9月21日 5時30分
3月の巨大地震の際、全国のGPSの観測点で記録された1秒ごとの地盤の動きを、国土地理院が動画として再現しました。地震に伴う地殻変動の広がりがはっきりと分かり、国土地理院は今後の防災対策などに役立ててほしいとしています。
3月11日の巨大地震では、宮城県の牡鹿半島の地盤がおよそ1メートル20センチ沈下したうえに東へ5メートル30センチ移動するなど、東北と関東などの広い範囲で大規模な地殻変動が起きたことが、GPSによる観測から明らかになっています。
国土地理院は全国1250か所のGPSの観測点が、地震発生からのおよそ10分間に捉えた地盤の動きを1秒ごとに分析し、動画として再現しました。
作成された動画は、▽地盤の上下の変化を赤色と青色で表現し、▽水平方向の地盤の動きを矢印の向きや長さで表しています。動画からは、地震発生の直後に岩手県や宮城県から地殻変動が始まり、波紋のように広がって、数分間で関東付近に達する様子がはっきりと分かります。
また、牡鹿半島の地盤が地震直後に東へ1メートル50センチ余り動いたあと、20秒間ほど動きが止まり、その後、再び2分余りかけて5メートル余りにまで大きく動いていて、地殻変動が一気に進んでいなかったことも分かりました。

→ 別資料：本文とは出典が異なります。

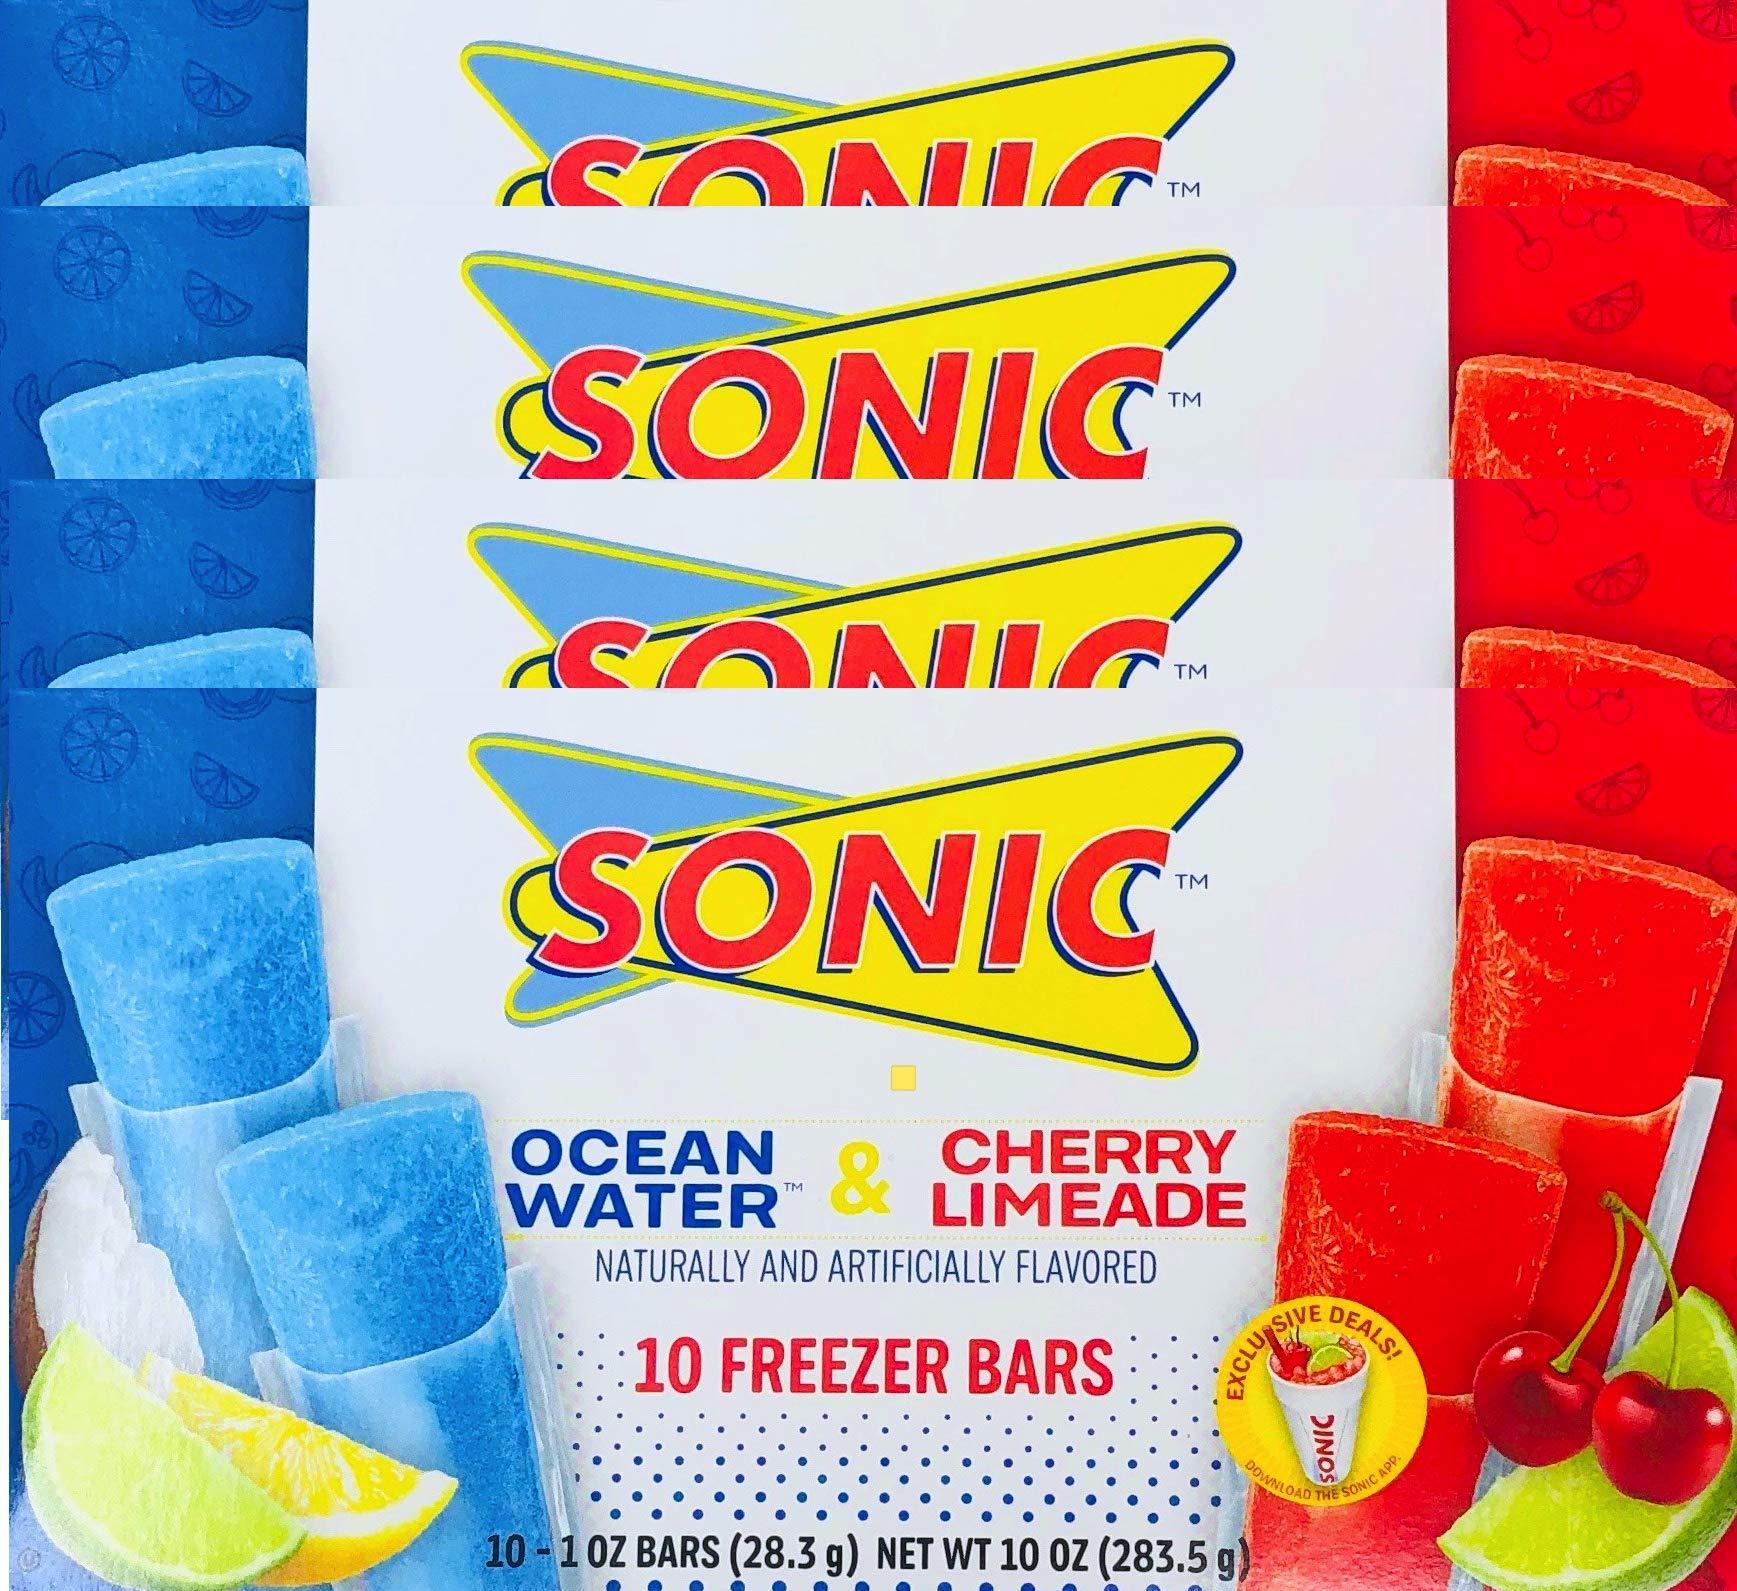 NEW Sonic Freezer Bars Ocean Water & Cherry Limeade 10- 1 oz Bars (4)

分析に当たった国土地理院地殻変動研究室の西村卓也主任研究官は「地震で一度、岩盤が破壊されたあとに、別の大きな岩盤が破壊され、破壊が複雑に進んでいたことを示している。今回の巨大地震による地盤の変化が直感的に分かる画像であり、今後の研究や防災などに役立ててほしい」と話しています。